Пожалуй, покажется странным, что мы не причисляем к искусствам ни красноречие, ни историю, ни философию.

Искусства называются изящными искусствами, потому что их единственная цель — производить бескорыстную эмоцию красоты, без учета пользы ни для зрителя, ни для художника. Их также называют свободными искусствами, потому что это искусства свободных людей, а не рабов, которые освобождают душу, очаровывают и облагораживают существование; отсюда смысл и происхождение тех выражений античности: artes liberales, artes ingenuæ. Существуют искусства без благородства, цель которых — практическая и материальная польза; их называют ремеслами, например, ремесло печника или каменщика. Истинное искусство может быть соединено с ними, может даже блистать в них, но только в аксессуарах и деталях.

Красноречие, история, философия — это, безусловно, высокие занятия разума; они имеют свое достоинство, свою высоту, которую ничто не превосходит, но, строго говоря, они не являются искусствами.

Красноречие не ставит себе целью производить в душе слушателей бескорыстное чувство красоты. Оно может также производить этот эффект, но не стремясь к нему. Его прямая цель, которую оно не может подчинить никакой другой, — убеждать, убеждать. У красноречия есть клиент, которого прежде всего оно должно спасти или привести к триумфу. Неважно, будет ли этот клиент человеком, народом или идеей. Счастлив оратор, если он вызывает выражение: «Это прекрасно!», ибо это благородная дань, возданная его таланту; несчастен он, если не вызывает этого, ибо он упустил свою цель. Два великих типа политического и религиозного красноречия, Демосфен в античности, Боссюэ среди современников, думают только об интересе дела, доверенного их гению, — священного дела отечества и дела религии; в то время как в глубине души Фидий и Рафаэль работают, чтобы создавать прекрасные вещи. Поспешим сказать то, что повелевают нам сказать имена Демосфена и Боссюэ: истинное красноречие, весьма отличное от риторического, презирает некоторые средства успеха; оно не просит ничего, кроме как нравиться, но без всякой жертвы, недостойной его; всякое чуждое украшение принижает его. Его собственный характер — простота, искренность — я не имею в виду притворную искренность, намеренную и искусную серьезность, худший из всех обманов, — я имею в виду истинную искренность, которая исходит из искреннего и глубокого убеждения. Это то, что Сократ понимал под истинным красноречием.
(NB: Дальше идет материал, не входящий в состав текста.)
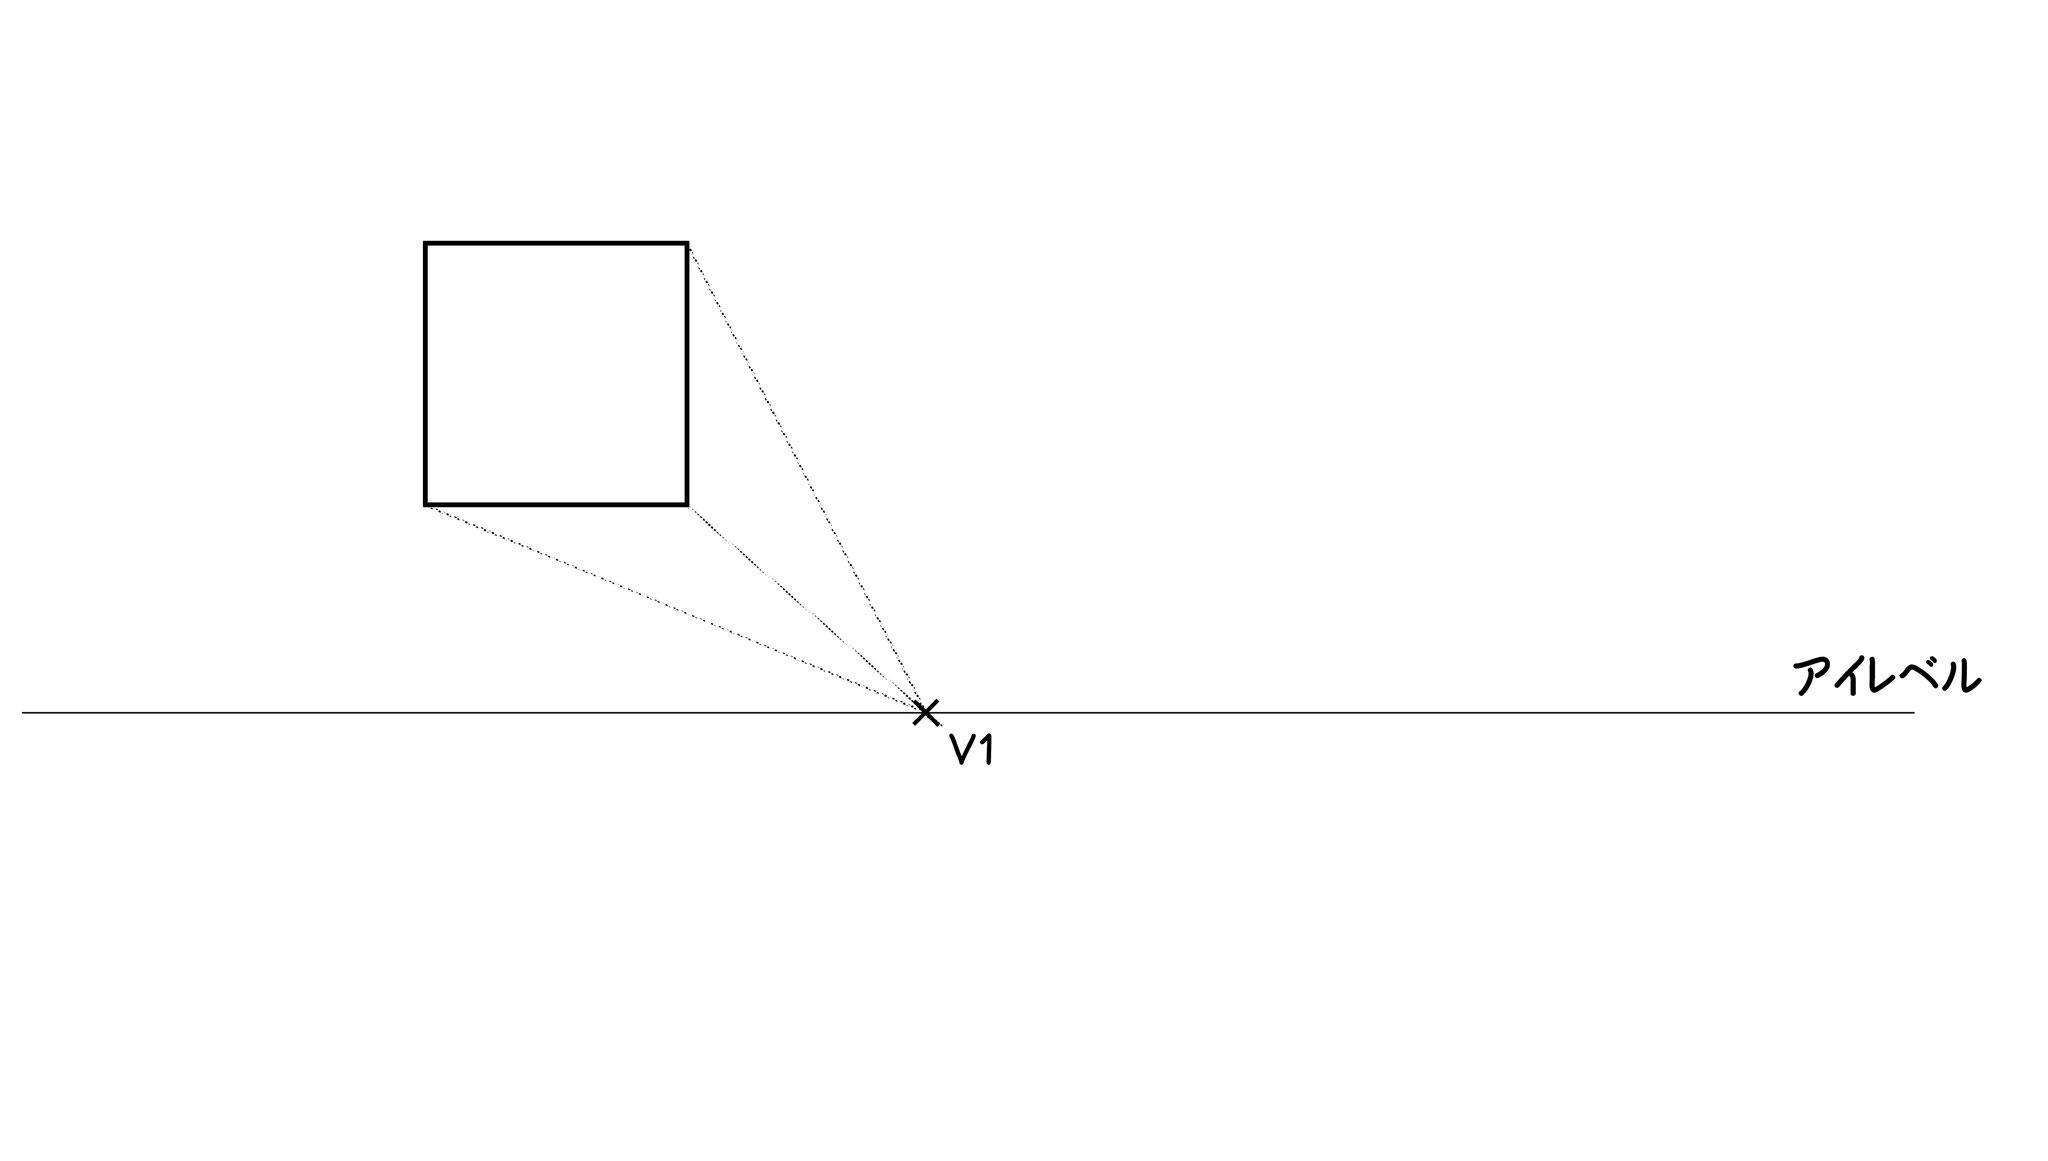 ③四角形の角から消失点V1に向かって奥行(縦)方向の補助線を引きます。

То же самое нужно сказать об истории и философии. Философ говорит и пишет. Может ли он тогда, подобно оратору, найти акценты, которые заставляют истину войти в душу, цвета и формы, которые заставляют ее сиять, очевидную и явную для глаз разума? Было бы предательством его дела пренебрегать средствами, которые могут служить ему; но глубочайшее искусство здесь — лишь средство, цель философии в другом; откуда следует, что философия не является искусством. Без сомнения, Платон — великий художник; он ровня Софоклу и Фидию, как Паскаль иногда соперник Демосфена и Боссюэ; но оба покраснели бы, если бы обнаружили в глубине своей души другой замысел, другую цель, чем служение истине и добродетели.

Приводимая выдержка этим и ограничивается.